I knock again, listening. It’s Sunday morning—what if she stayed out late? Somebody told me bars here close at 4 a.m. What if she went home with someone?

I sink down against the hallway wall in despair, wondering if she even got my email with my flight details. I
really
have to pee, so in about fifteen minutes my “wait it out” strategy is going to get desperate or messy. And I’d rather wet myself than bump my ridiculous suitcase packed with Bumpkin Fashion down twenty-seven stairs.

And back.

So I pound on Stella’s door some more, hoping she’s just, oh, passed-out drunk but coming to; wearing noise-canceling headphones while writing a story for her indie newspaper; or wrapped up in some glorious yoga pose that demands uninterrupted meditation.

As my mind spirals to worst-case scenarios involving
Law & Order
opening sequences, I hear a rustle, a click, and see the door handle twist.

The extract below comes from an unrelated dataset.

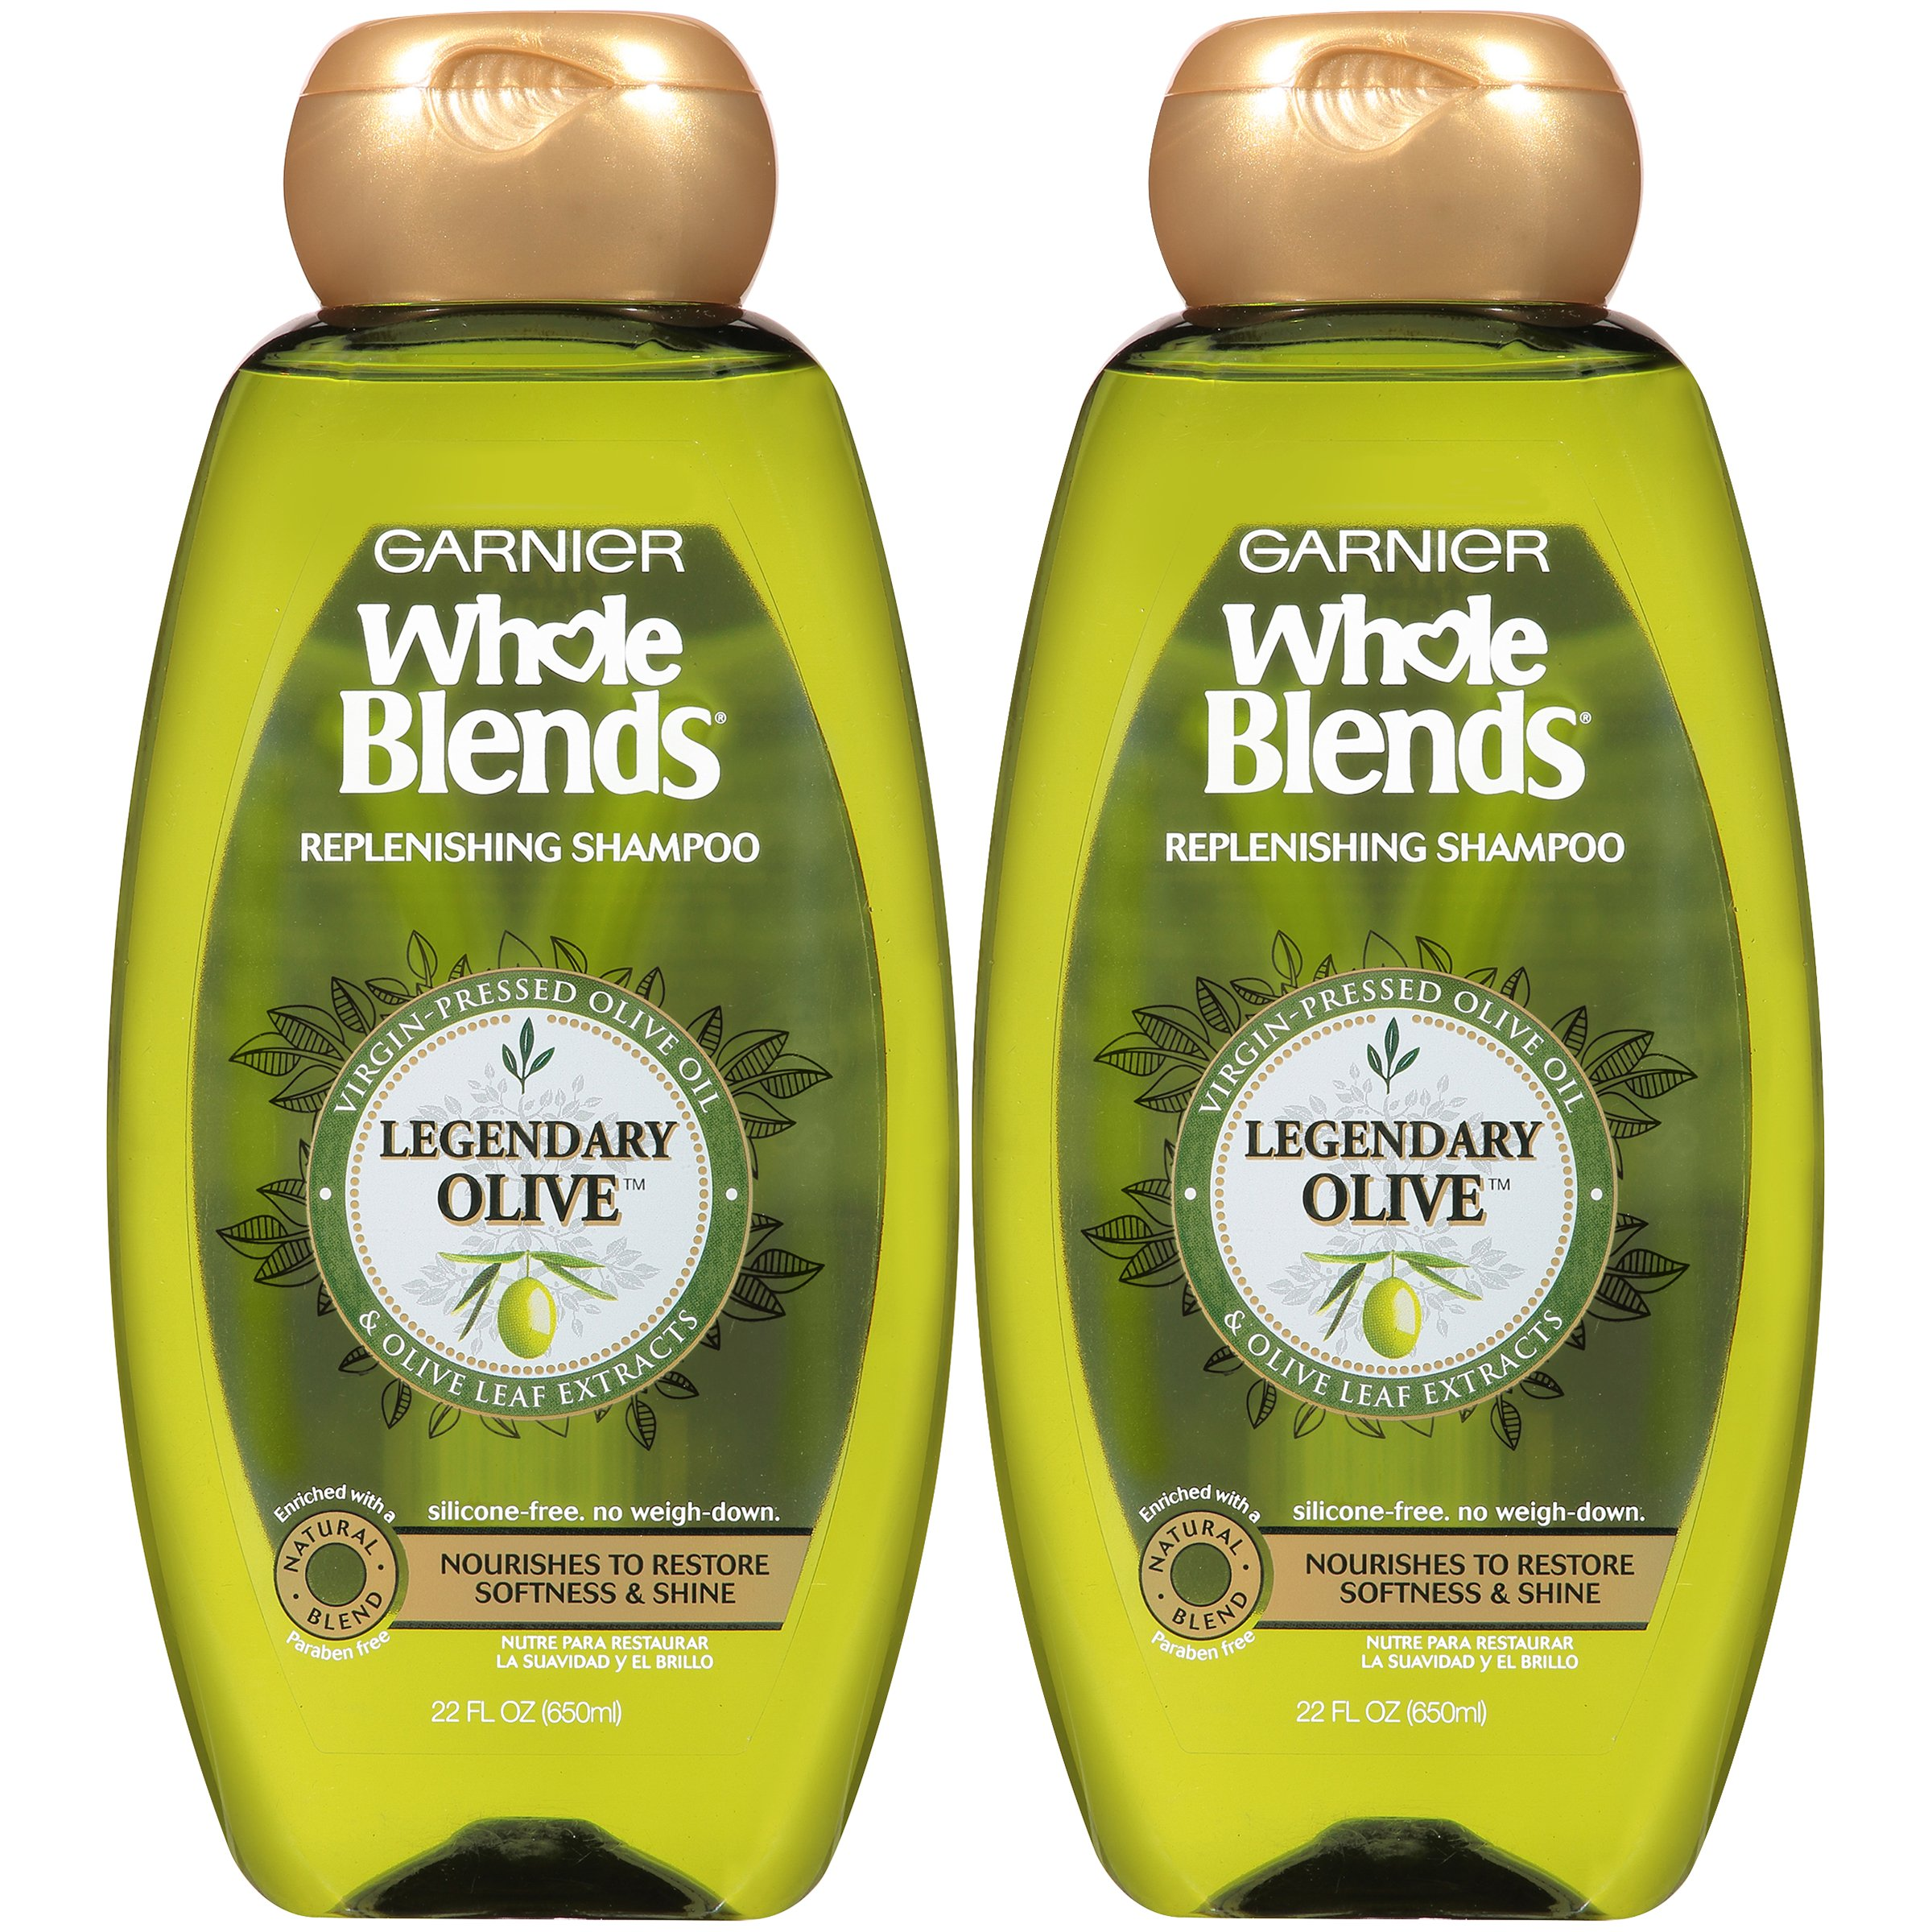 Garnier Hair Care Whole Blends Replenishing Shampoo Legendary Olive for Dry Hair, 2 Count

I am saved! My bladder does a dance of joy and I nearly pee myself.

A guy with spiky black hair and three facial piercings stares at me. My mouth kicks in before my brain does.

“Hi! Are you Knyfe? I’m Beryl. Stella’s new roommate.”

I ditch my stuff in the hallway and plow into the guy, making a beeline for what I hope is the bathroom. I don’t even get its door all the way shut before I’ve dropped trou and peed, like, a hundred years’ worth of in-flight beverages.

Tom Hanks has nothing on me.

(Seriously. You haven’t seen
A League of Their Own
? Go rent it. I’ll wait.)

(OK, now that we’re all caught up on
culture…
.)

So I’m peeing, and then I’m washing, and I wash my hands and my face and my neck and it feels so damn good that I’m thinking I might just strip down and jump in the shower,
my
new shower, right this moment, when Knyfe pushes on the door I didn’t quite latch.

“Are you done yet?”

Rude, much? “Sorry, Knyfe. I’ll be out in a second.”

“It’s Blayde.”

“Right. Sorry. I’m Beryl.”

“You said. You’re that girl from Oregon?” He pronounces my state like a geometric shape, an octagon or a polygon. I don’t bother to correct him. Yet.

“That girl.”

“Right. Well, Stella and I broke up and I live here now, not her. So you can’t stay here.”

OMG! WTF? WTFFFFFFF!!!!

I splash more water on my face and dry off on what I hope is a clean towel. I pull open the bathroom door and see a stack of boxes in the living room. What’s happening here?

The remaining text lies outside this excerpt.